Jumat, 9 April 2021
Jakarta, MINDCOMMONLINE.COM – Menteri Pendayagunaan Aparatur Negara dan Reformasi Birokrasi (PANRB) Tjahjo Kumolo resmi melarang aparatur sipil negara (ASN) untuk bepergian keluar daerah atau mudik menjelang dan usai Lebaran 2021. Namun, kebijakan menuai kritik dan tanda tanya.
Kebijakan tersebut tercantum dalam Surat Edaran (SE) Menteri Pendayagunaan Aparatur Negara dan Reformasi Birokrasi (PANRB) Nomor 8/2021 tentang Pembatasan Kegiatan Bepergian Keluar Daerah dan/atau Mudik dan/atau Cuti bagi Pegawai ASN dalam Masa Pandemi COVID-19.

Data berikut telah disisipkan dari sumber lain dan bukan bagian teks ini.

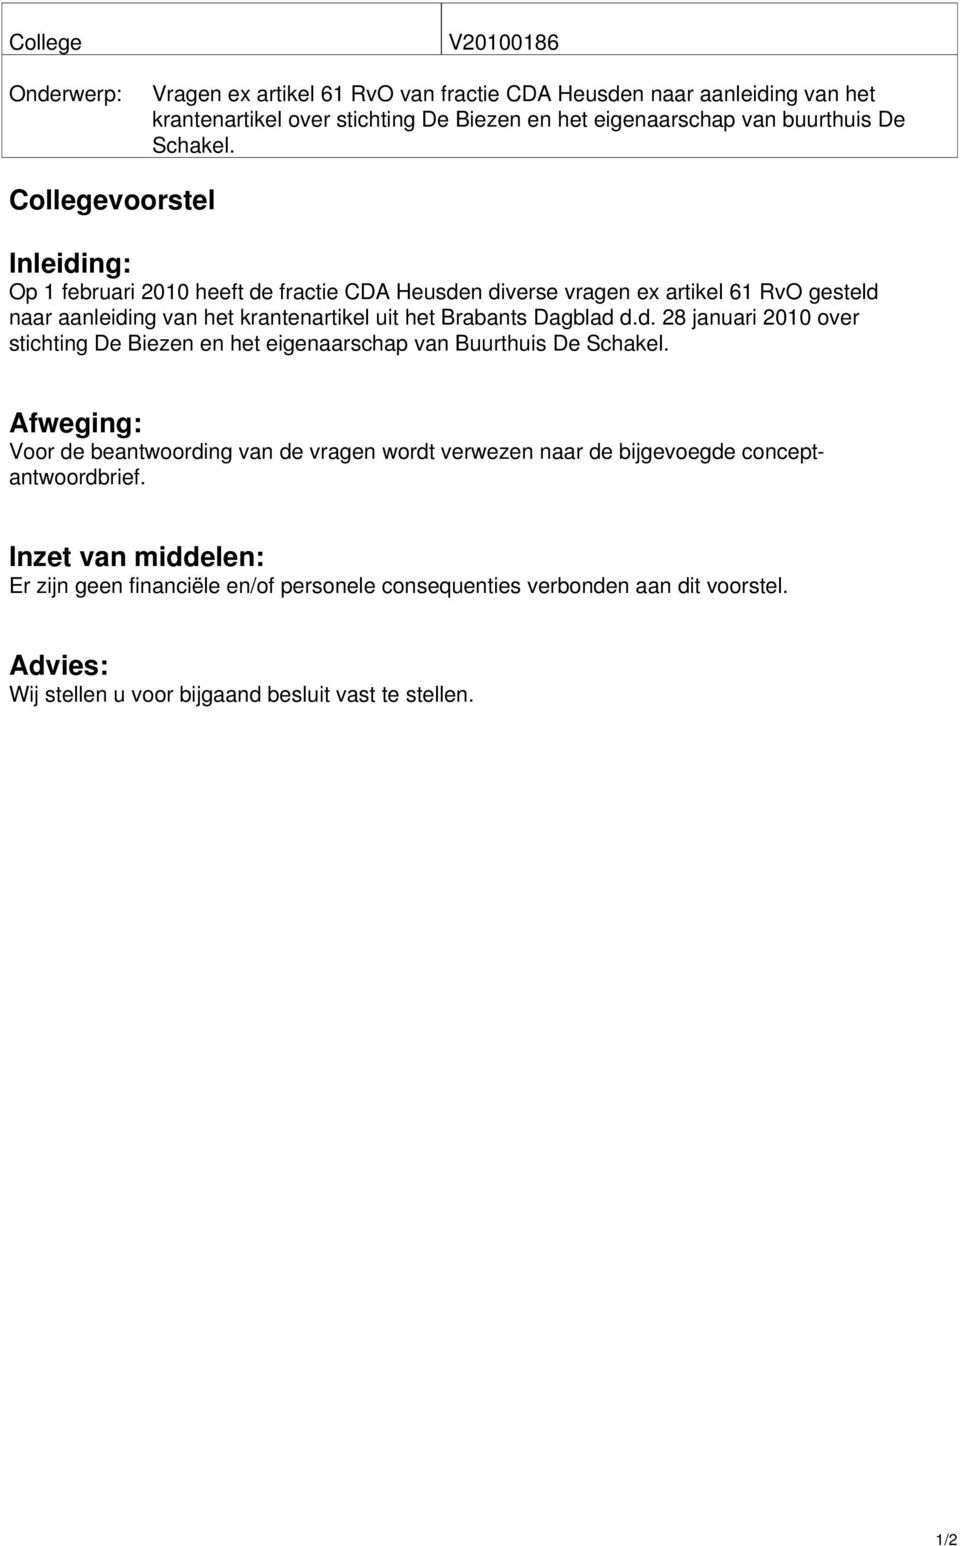 Collegevoorstel Inleiding: Op 1 februari 2010 heeft de fractie CDA Heusden diverse vragen ex artikel 61 RvO gesteld naar aanleiding van het krantenartikel uit het Brabants Dagblad d.

“Pegawai ASN dan keluarganya dilarang melakukan kegiatan bepergian keluar daerah dan/atau mudik pada periode 6 sampai 17 Mei 2021,” demikian bunyi surat edaran yang ditandatangani Menteri PANRB di Jakarta, pekan ini.

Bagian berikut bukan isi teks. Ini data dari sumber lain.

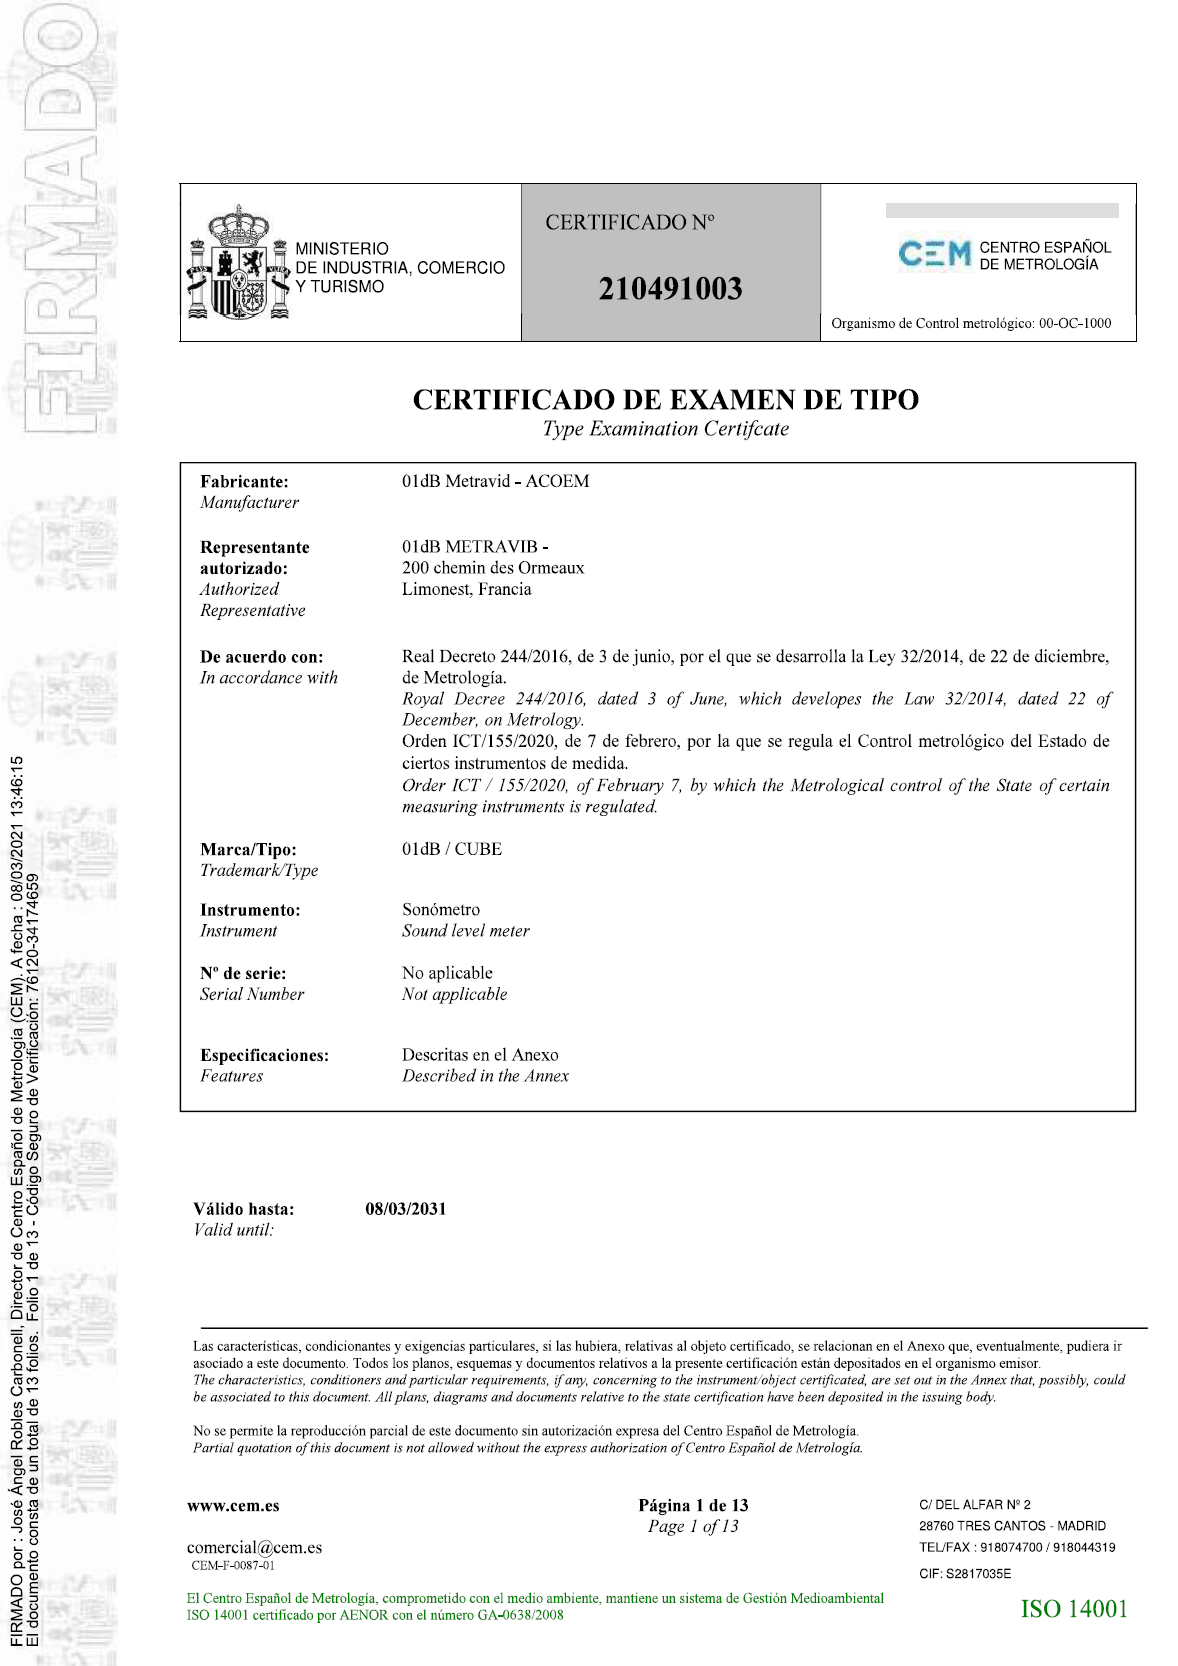 Certificado de examen de tipo nº 210491003

Para ASN diharapkan tidak mengajukan cuti selama periode pembatasan perjalanan atau larangan mudik tersebut. Pejabat pembina kepegawaian (PPK) di kementerian, lembaga, dan pemerintah daerah juga tidak diperkenankan memberikan izin cuti.
Namun, cuti ini dikecualikan bagi PNS yang melakukan cuti melahirkan, cuti sakit, dan cuti alasan penting. Cuti turut diberikan untuk pegawai pemerintah dengan perjanjian kerja (PPPK) yang mengambil cuti melahirkan dan cuti sakit.
Pengecualian larangan bepergian juga berlaku bagi ASN dengan alasan khusus dan telah memiliki surat tugas atau izin. ASN yang sedang melaksanakan perjalanan tugas kedinasan harus memiliki surat tugas yang ditandatangani setidaknya oleh pejabat pimpinan tinggi pratama atau kepala satuan kerja.
ASN yang dalam keadaan terpaksa perlu bepergian keluar daerah harus memperoleh izin tertulis dari PPK di instansinya masing-masing.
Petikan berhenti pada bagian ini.